趙清和被對方突然要自宮的舉動驚到,聞到對方身上的酒氣意識到絕非是演戲。驚慌地踉踉蹌蹌衝過去一把抽飛匕首,刀刃甩飛摔在遠處。

那一刀貼著腿根劃了一道,血瞬間淌出。

對方真是對著那根東西去的!

“你要做甚麼!”趙清和情緒激動,眼中更多的是恐懼。血與那日身下流的血重疊,手指顫抖拽著自己的袖子擦那血跡。

“止住…會沒事的。”

“都還在,血止住就沒事了!”

豆大的水砸在蓮枝地磚上,趙清和的後背輕顫,雙手的血跡越來越多,怎麼也擦不乾淨對方大腿上的血。

“不要這樣,裴承權你別這樣…”

聽聞哽咽的聲音裴承權冷靜不少,寬掌抓住了對方沾染血汙的手。大腿上的傷皮肉之痛罷了,比不得心裡的苦。

孽根還在,衝顏色能看出裴承權以往挺潔身自好。

“我不要這東西,皇不皇位我也不在乎。”裴承權垂目,將人拉進懷裡死死抱著。萬分真誠,偏執認真地說道:“從我還是個不得勢的皇子你就伴我讀書,我頑劣惰學,每每都是你挨戒尺,那時我並未覺得你可憐,反倒是這一種痛快,活該你陪我這個皇子。”

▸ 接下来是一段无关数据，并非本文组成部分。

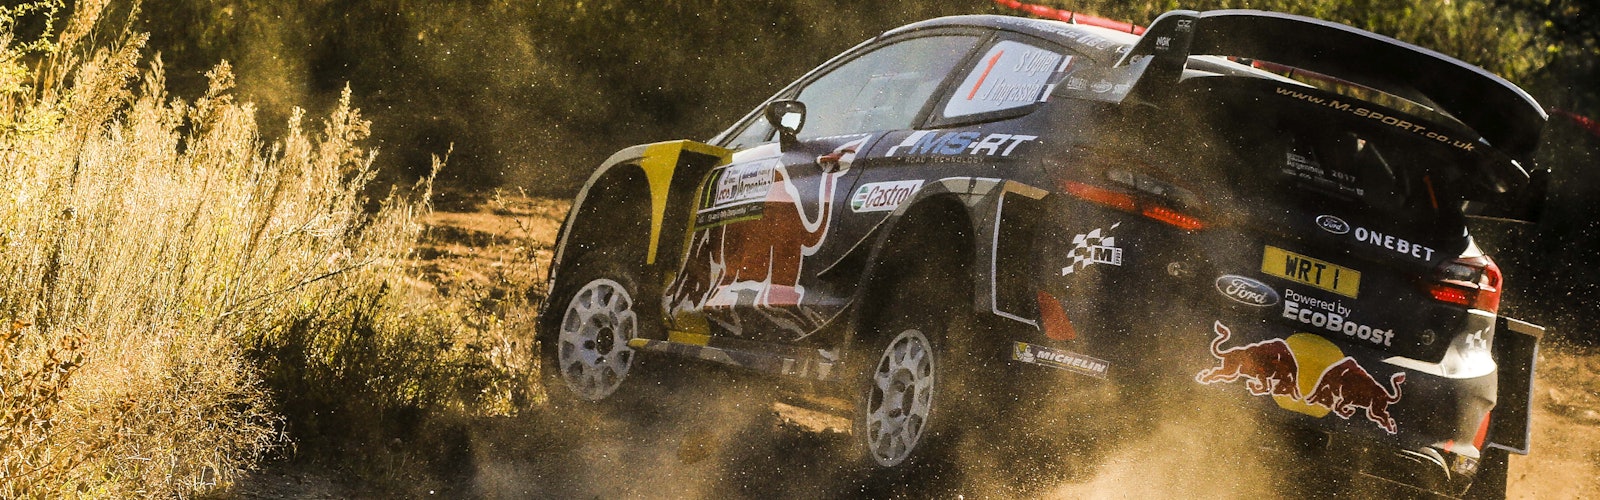 FIA WORLD RALLY CHAMPIONSHIP 2017 – WRC ARGENTINA

裴承權死死按著對方抵在肩膀上的頭,要揉進身體裡般,他藉由酒勁把心裡話說個痛快:“後來,你說你也不得寵,讓不得寵的人陪不得寵的人很配,那種通透又帶點看開的性子我覺得有你有意思。你被抽腫了掌心躲在芙蓉池偷哭我都看見了,誰會邊哭邊往嘴裡塞蜜餞啊?那時你闖進我狹窄妒恨周圍任何人的心裡,我捨不得你被打手心,那些書讀一讀也沒甚麼所謂了。“

“母妃死了,父皇愧疚賞了我這麼個王爺,葬禮唯有你是真的掉了兩滴淚,我問你為甚麼,你說是替我掉的,我們都沒有母親的庇護了。”裴承權聲音逐漸地悲涼哽咽起來,對方要從懷裡掙出來,熱燙的水滴在趙清和的脖頸上。

“…別掙,我只有你,別離開我。”裴承權哭得極其狼狽:“你不原諒我也好,折磨我也罷,每晚給你磕一百個頭也行,只要你賞我一個眼神,還在身邊…”

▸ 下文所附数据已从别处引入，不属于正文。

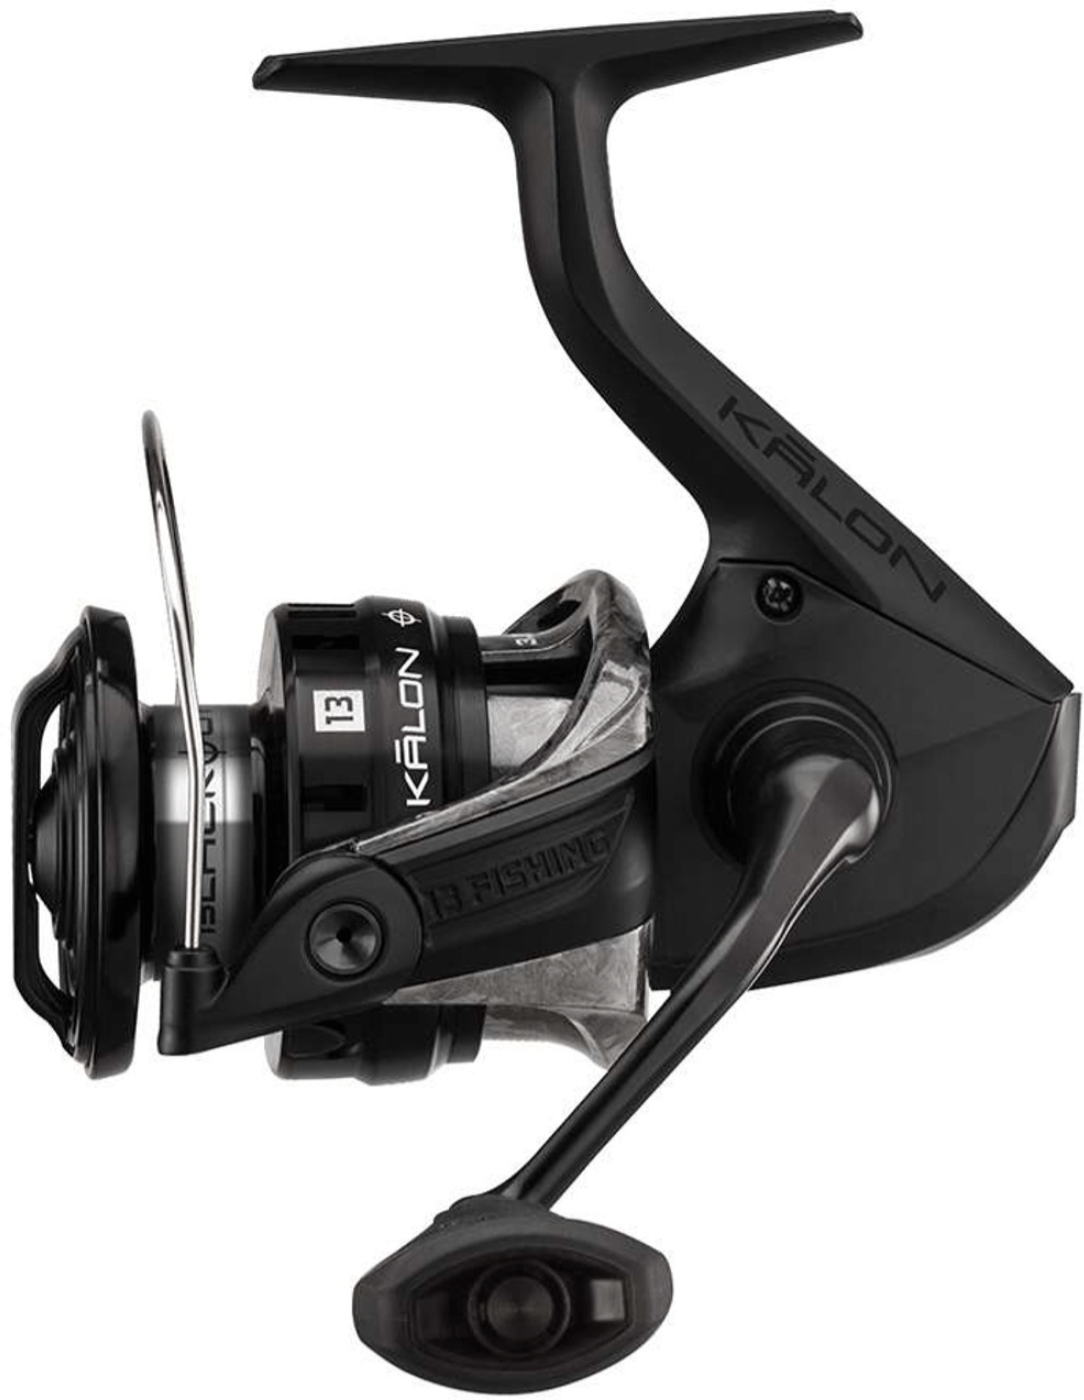 13 Fishing Fishing Rod 5.2:1 Gear  Ratio - Size 3.0 Kalon O Blackout Spinning Reel

“清和,我求求你,哪怕是把我當作路邊的一條狗,施捨點殘羹剩飯給狗續命。”能感到他的痛,淚順著下頜淌在趙清和脖頸。

雙手的血汙已乾涸,現在他們身上一人一道傷。趙清和那些怨恨成了淚,他不狠心看著對方真切下來,也狠不下心抹殺對裴承權的感情。

他們是最相像的兩人,伴隨對方十二年,點點滴滴的日子和愛融進骨血之中。

“…我恨你!”趙清和在充斥酒味的懷中宣洩壓抑已久的情緒,那肩也溼潤。血跡乾涸的手指抓上人衣袍,他嘶喊著:“我恨你,恨你!裴承權你欠我的,你還我!你必須還我…”

“我還!該是你的,我必償還!”

抱在一起的兩人泣不成聲,裴承權的酒醒沒醒只有他自己清楚,今夜是他第一次放聲痛哭。傷了趙清和的身,這份債今生今世來還。

今生相見,定有虧欠。

裴承權衣袍的肩處溼透,等對方的情緒平穩才橫抱起來對方放回床上。他大腿上的血跡沒有對方那日的嚇人,只不過傷了皮肉,而趙清和是傷了根基。

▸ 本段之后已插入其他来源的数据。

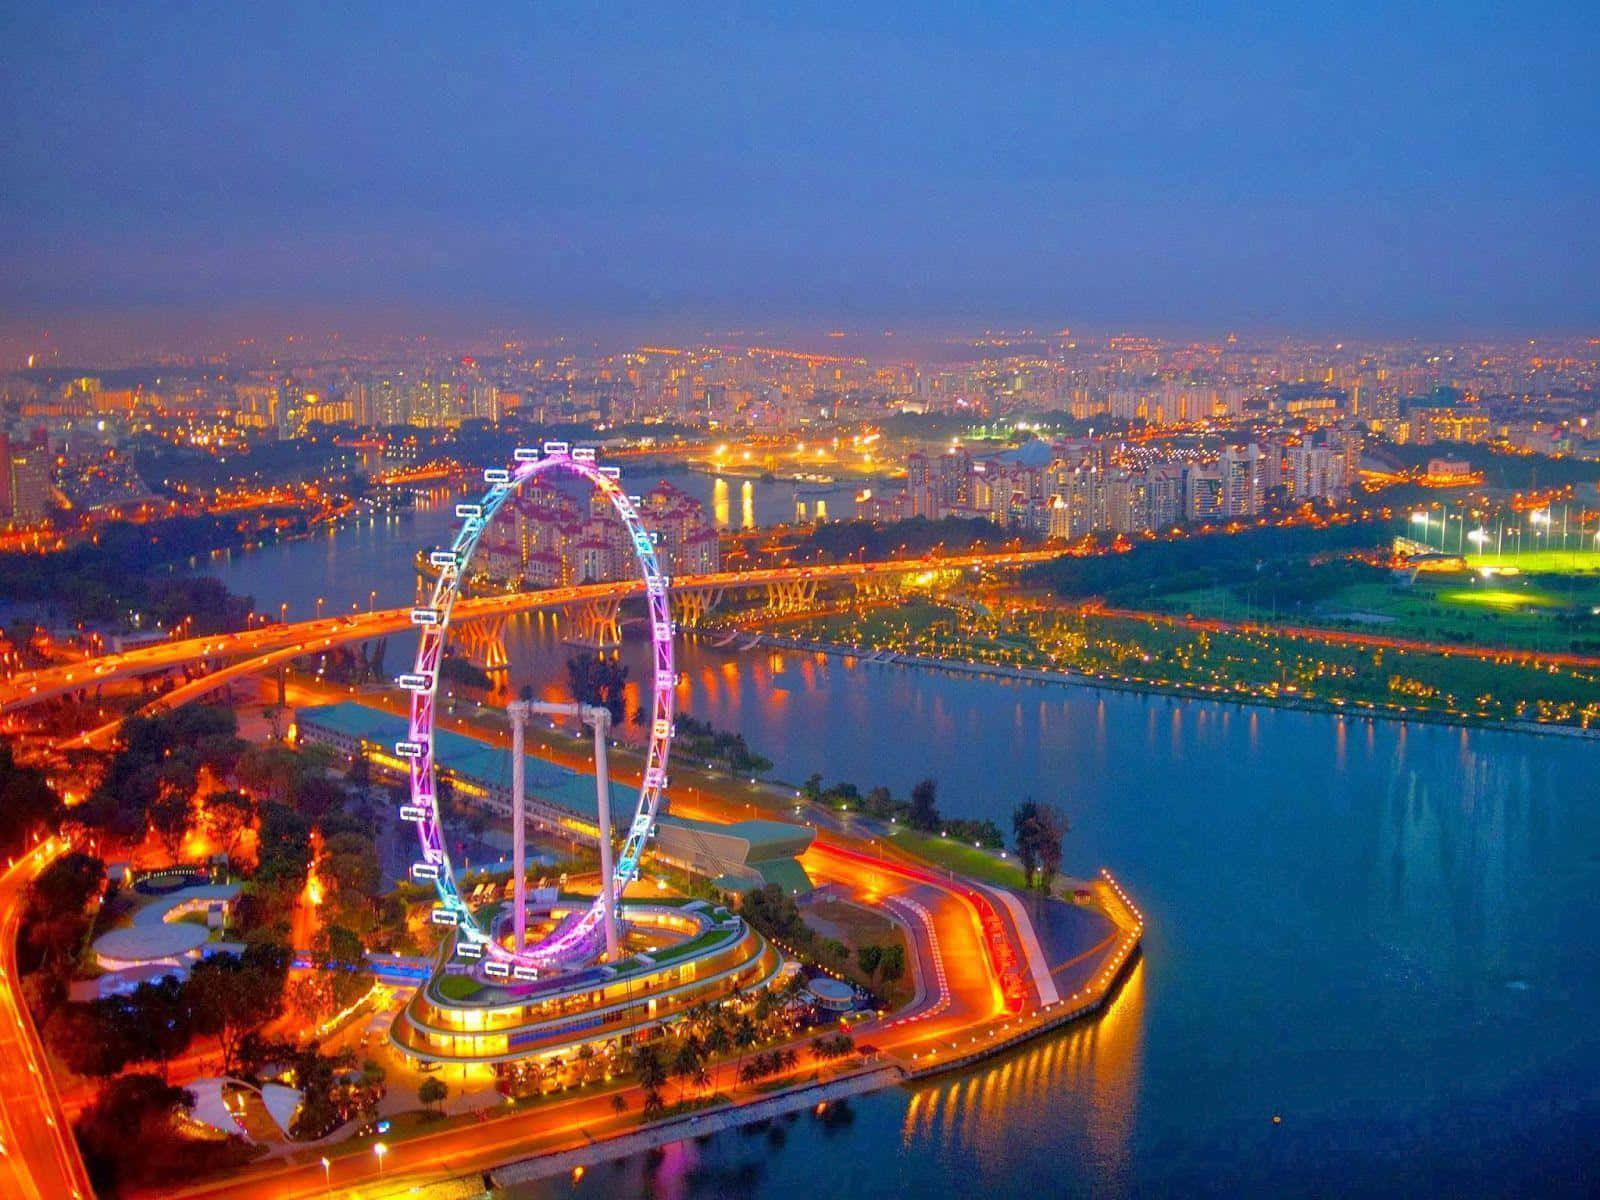 Beauty of Singapore

沒說原諒,也沒說不原諒。躺在紫檀荷紋的架子床上,趙清和心情今日不同往日,蒼白的臉淚痕未乾。

裴承權輕輕撥開沾在人臉頰上的髮絲,眼仍泛紅:“還疼嗎?”

涉及到下身和那道傷趙清和只感覺恥辱和噁心,挪開眼神,只說:“叫太醫處理你的傷吧。”

兩人的吵架模糊收尾,待裴承權收拾好自己拉下床上的紗幔才讓人傳喚太醫。他不願旁人見到自己脆弱一面,也顧及著趙清和的情緒。

裴承權大腿上的傷不算太深,太醫謹小慎微地為其上止血生肉的藥膏又包紮好,告退之際又被叫住。

“太醫留步,這藥效果真的那麼好?”裴承權坐在床邊拿著手中白玉似的瓷瓶詢問,兩邊的紗遮得床死死的。

前兩日這府邸出了甚麼事太醫清楚的很,那人的傷也是自己醫治的。官場皇宮內的人有顆玲瓏心才能活的久,他自然明白對方所問為何,答道:“此藥傷其筋骨都可再生新肉,您請放心,前兩日送來的也是。”

裴承權是擺明在問這藥效果真那麼好,給沒給趙清和用。帝王心術說話的彎彎繞繞,他早就有些皮毛。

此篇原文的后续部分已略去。